The Federal Reserve is flooding the system with new dollars, Barack Obama and the U.S. Congress seem poised to pass a new tax deal which does not include corresponding spending cuts which will cause U.S. government budget deficits to become even more bloated, and there is a tremendous lack of faith both in U.S. political leaders and in the Federal Reserve at this point.
The rest of the world is losing faith that the U.S. government is going to be able to handle all of the debt that it has accumulated. We may be approaching a “tipping point” soon. The following are 10 signs that confidence in U.S. Treasuries is dying….
#1 The financial community is extremely concerned that the tax deal that Barack Obama is pushing is going to dramatically increase U.S. government budget deficits over the next two years. On Monday, Moody’s warned that if Barack Obama’s tax deal with the Republicans becomes law, it will increase the likelihood that Moody’s could soon be forced to slash the rating of U.S. government debt.
#2 Already there are signs that some bond investors are looking for the exits. Last week, U.S. Treasuries suffered their largest two day sell-off since the collapse of Lehman Brothers back in September 2008.
#3 The yield on 10-year Treasury bonds set a six-month high on Monday before pulling back a bit. Most analysts believe that Treasury yields are going to push significantly higher in coming weeks.
#4 This trend of rising yields has been going on for a while.
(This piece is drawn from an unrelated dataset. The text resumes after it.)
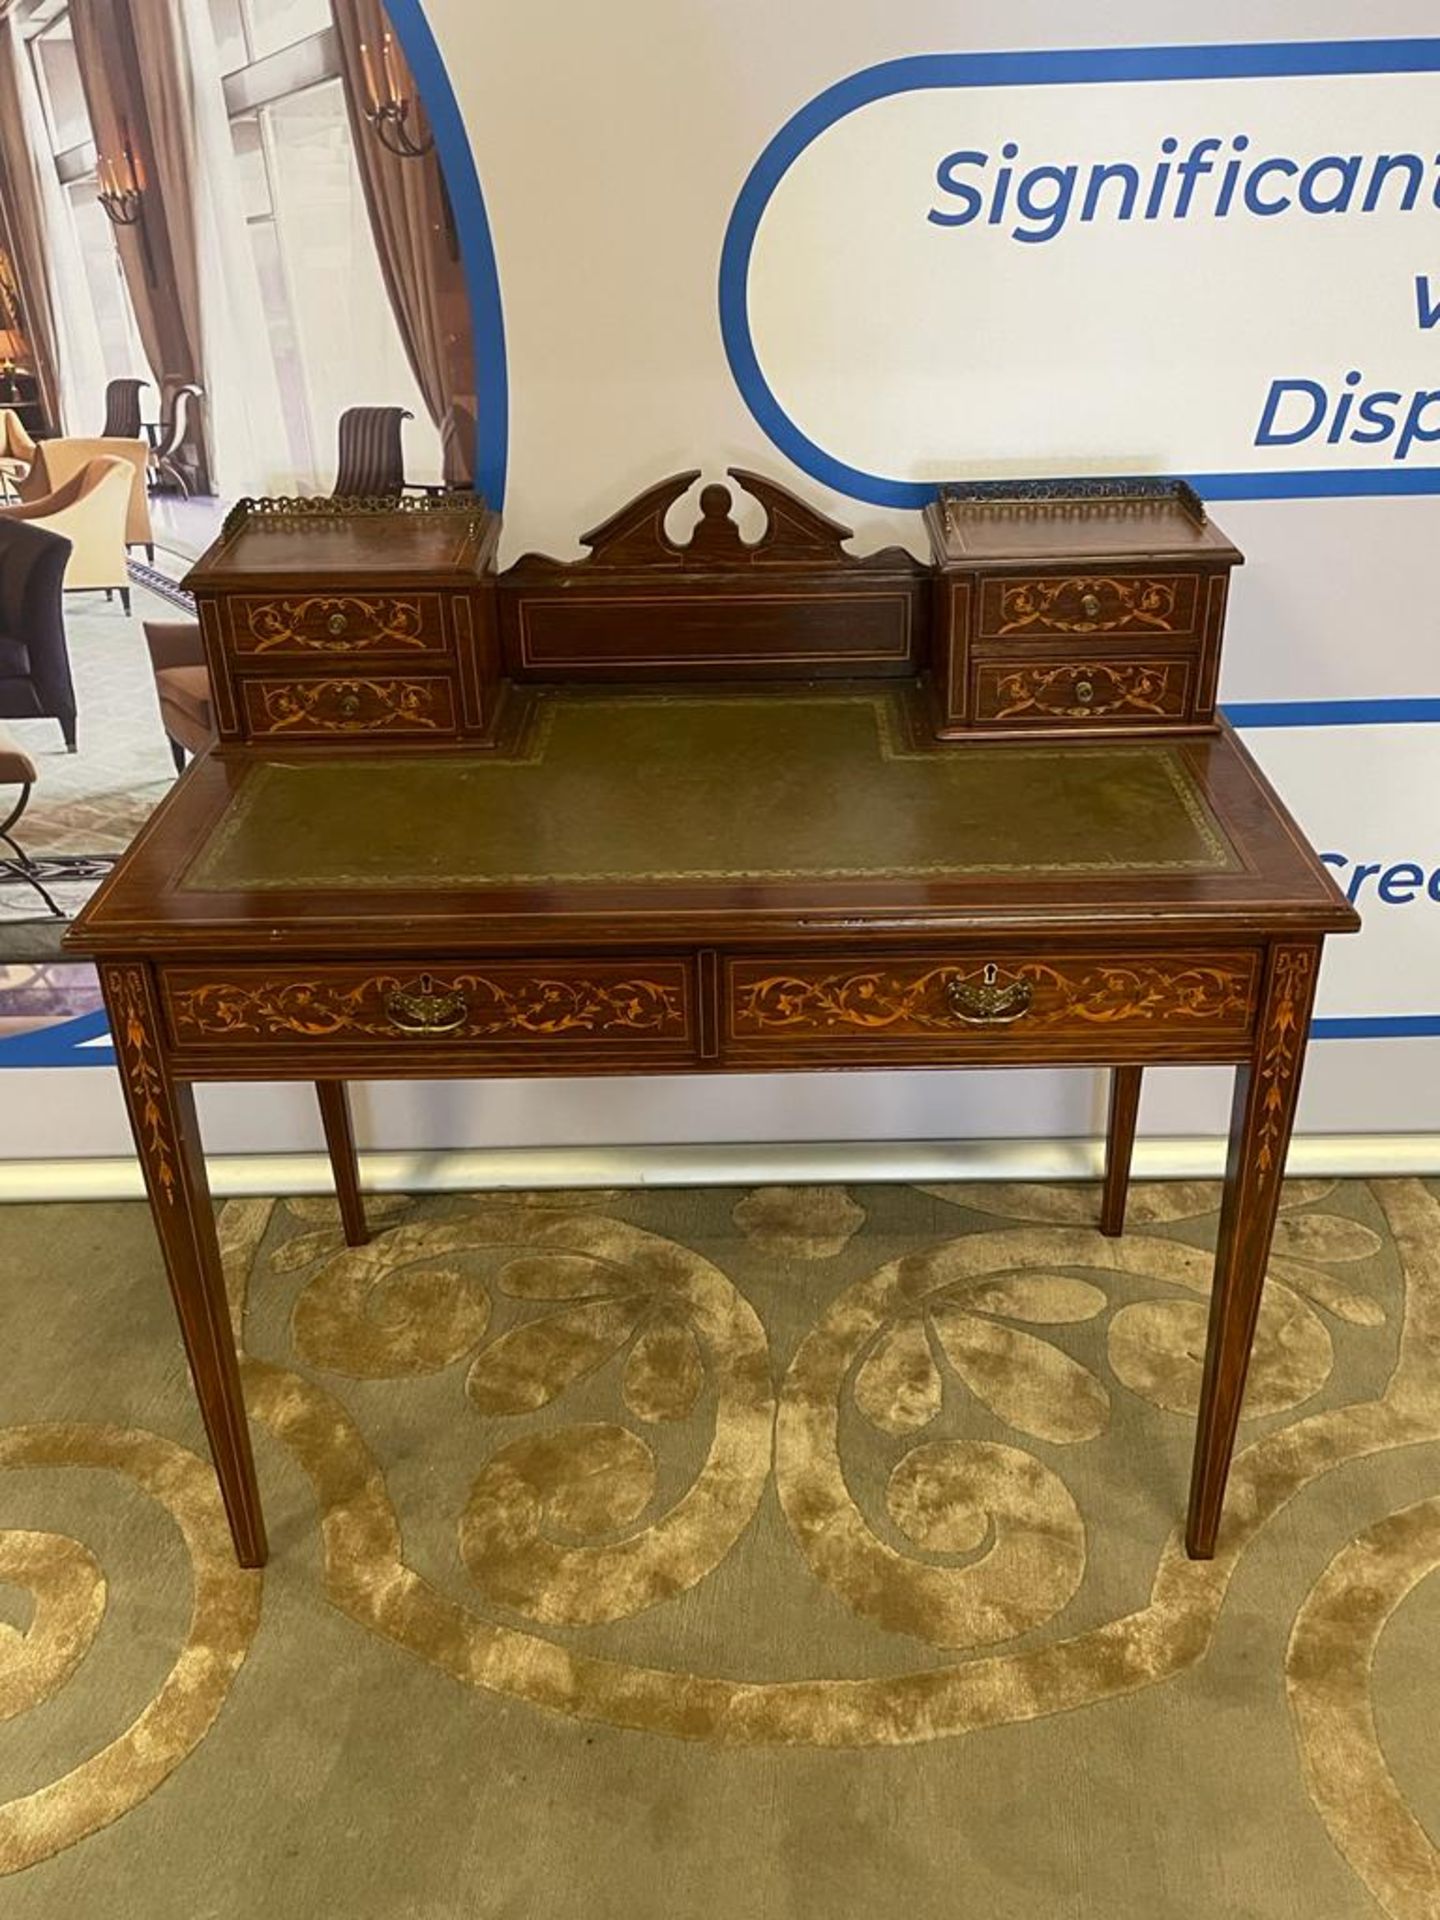 Mahogany Inlaid Marquetry Edwardian Carlton House style Desk The top of the desk is surmounted

In fact, yields on 10-year Treasury bonds have been steadily rising since October 7th.
#5 Even before the recent tax deal was announced there were already troubling signs regarding the growth of U.S. government debt. The U.S. government budget deficit rose to $150.4 billion in November, which was the largest November budget deficit ever recorded.
#6 It is not just the new tax deal that has investors around the globe spooked. The truth is that the rest of the globe reacted very negatively to the new round of quantitative easing that the Federal Reserve announced back in November. The Federal Reserve is flooding the system with liquidity and the rest of the world is not amused.
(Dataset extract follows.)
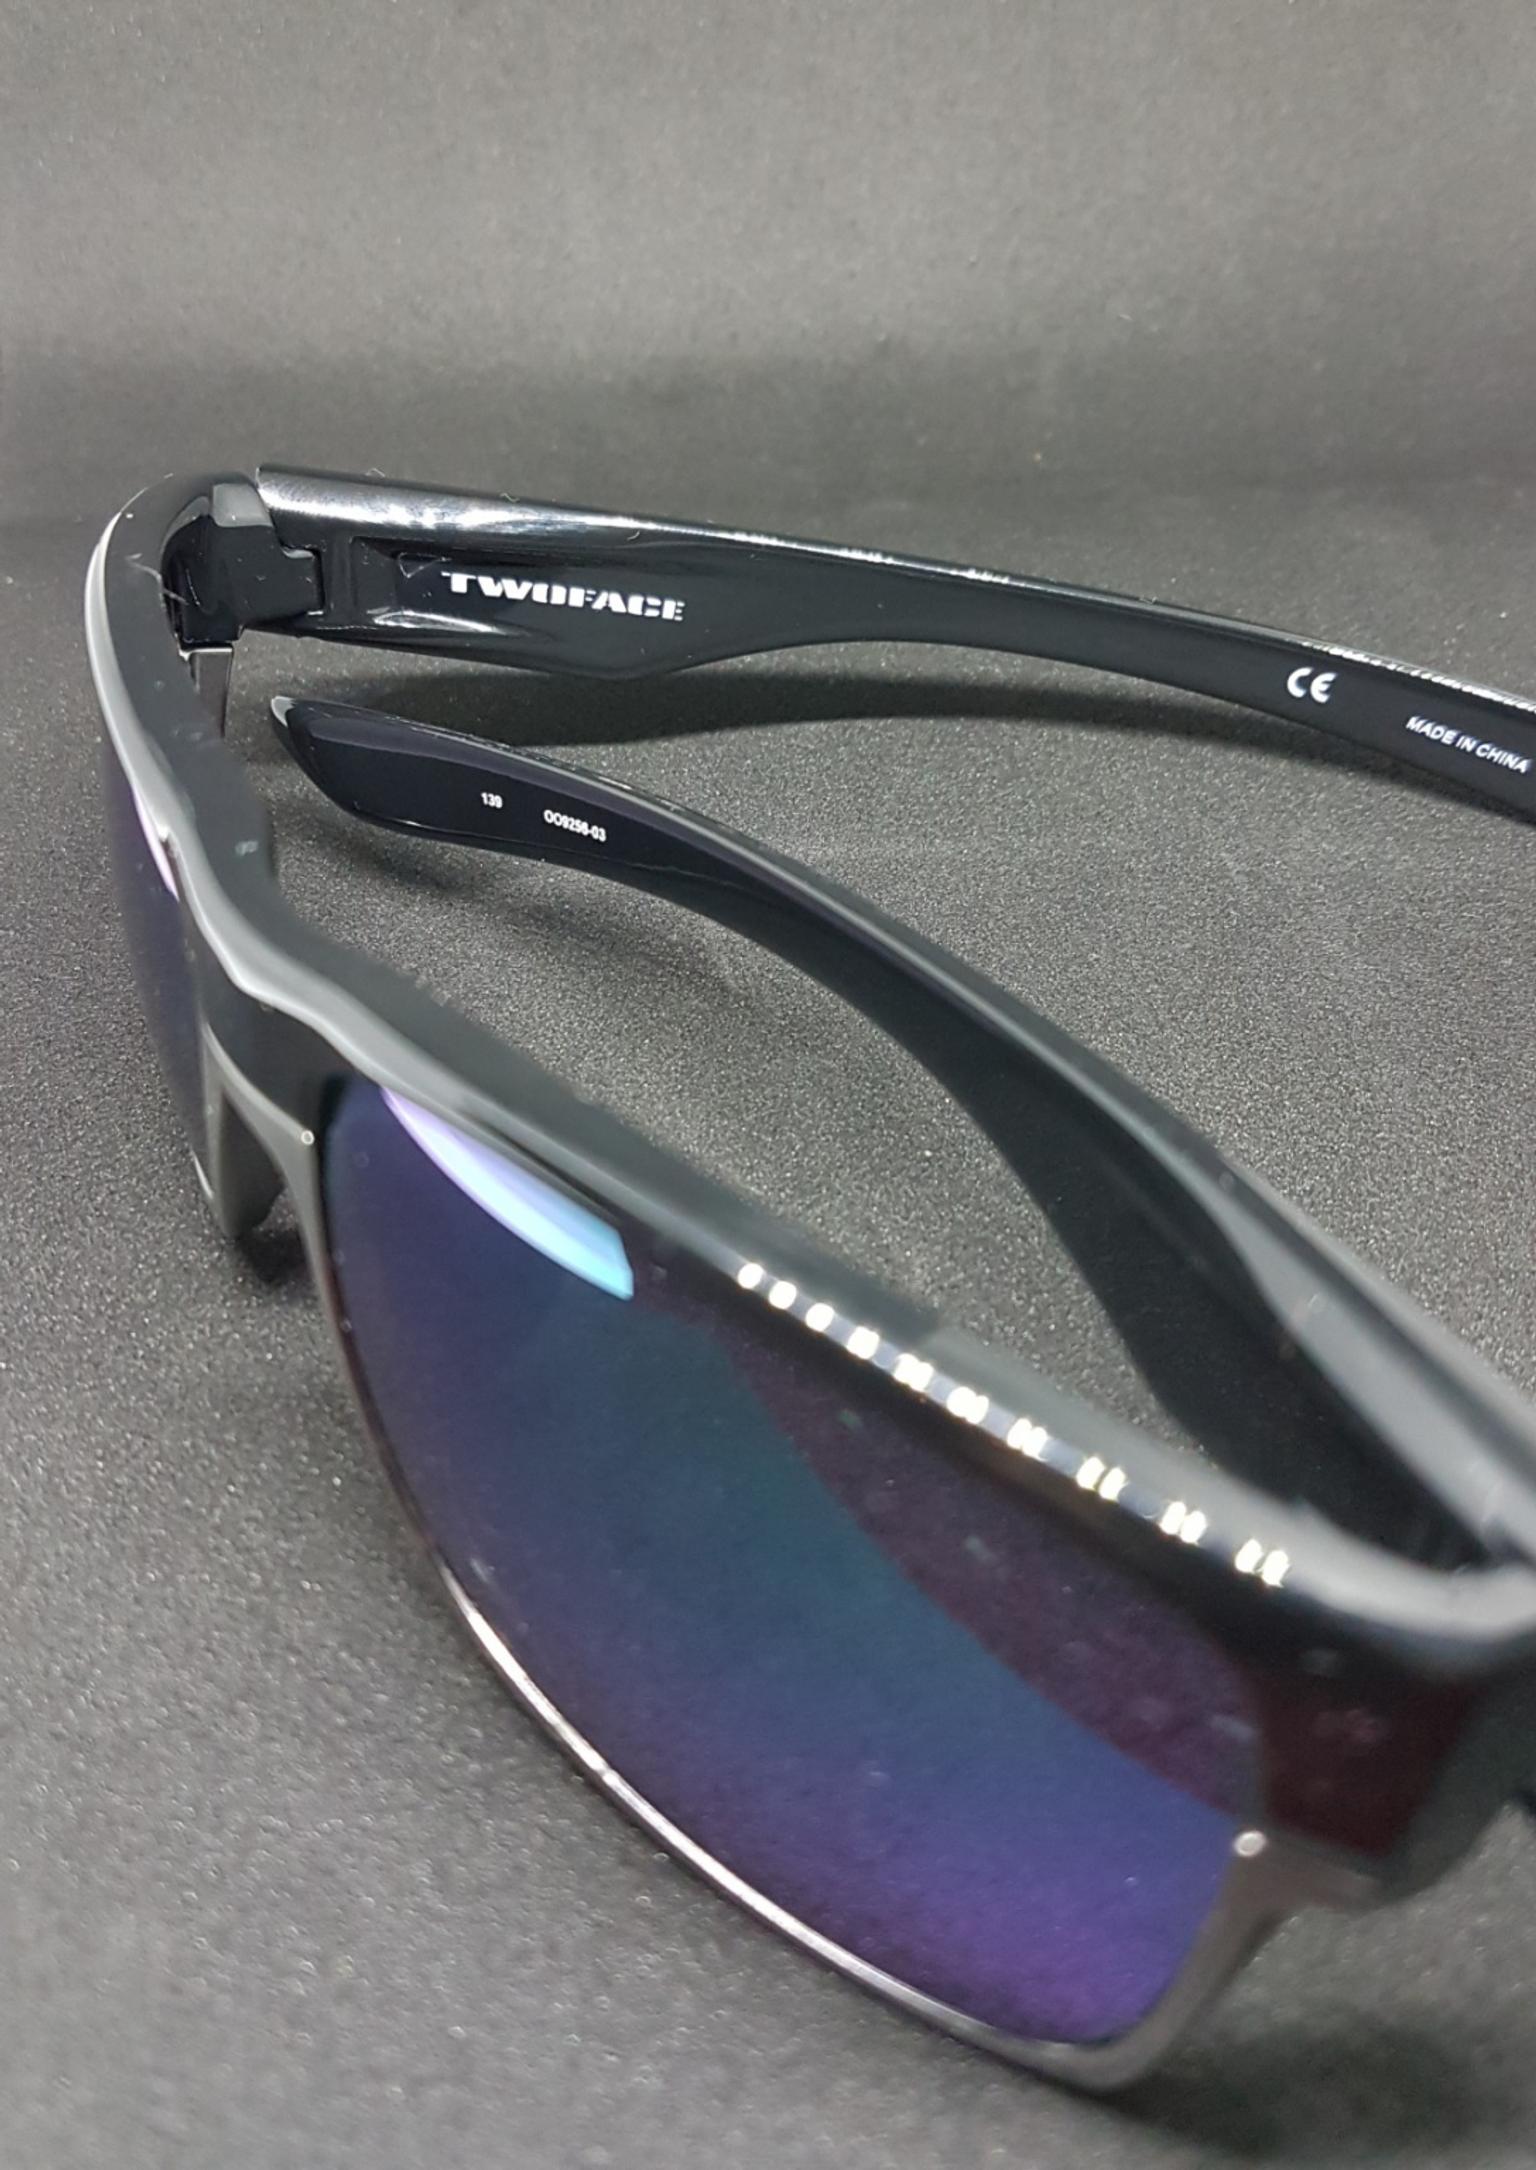 oakleys made in china

#7 The American people have less faith in the Federal Reserve and in the financial system than at any other point in recent memory. For example, a new Bloomberg National Poll has found that a majority of Americans now want the Federal Reserve to either be held more accountable or to be abolished entirely.
#8 Investors all over the globe are starting to wake up and realize that America’s debt problem is unsolvable. David Bloom, the currency chief at HSBC, raised eyebrows when he recently stated that “if yields are rising because people think America’s fiscal situation is unsustainable, then its Armaggedon.”
#9 There is also a growing feeling among investors that the Federal Reserve simply does not care about the danger of inflation, and this is making bondholders very nervous. Stephen Lewis of Monument Securities recently put it this way….
“There is a feeling that the Fed doesn’t care about inflation – in fact, wants more of it – and that is certainly not in the interest of bondholders.“
#10 Over the next 12 months, the U.S. government is going to be rolling over trillions of dollars in debt along with all of the new borrowing that it is going to be doing. In fact, the U.S. government is somehow going to have to find a way to finance debt that is equivalent to 27.8 percent of GDP in 2011.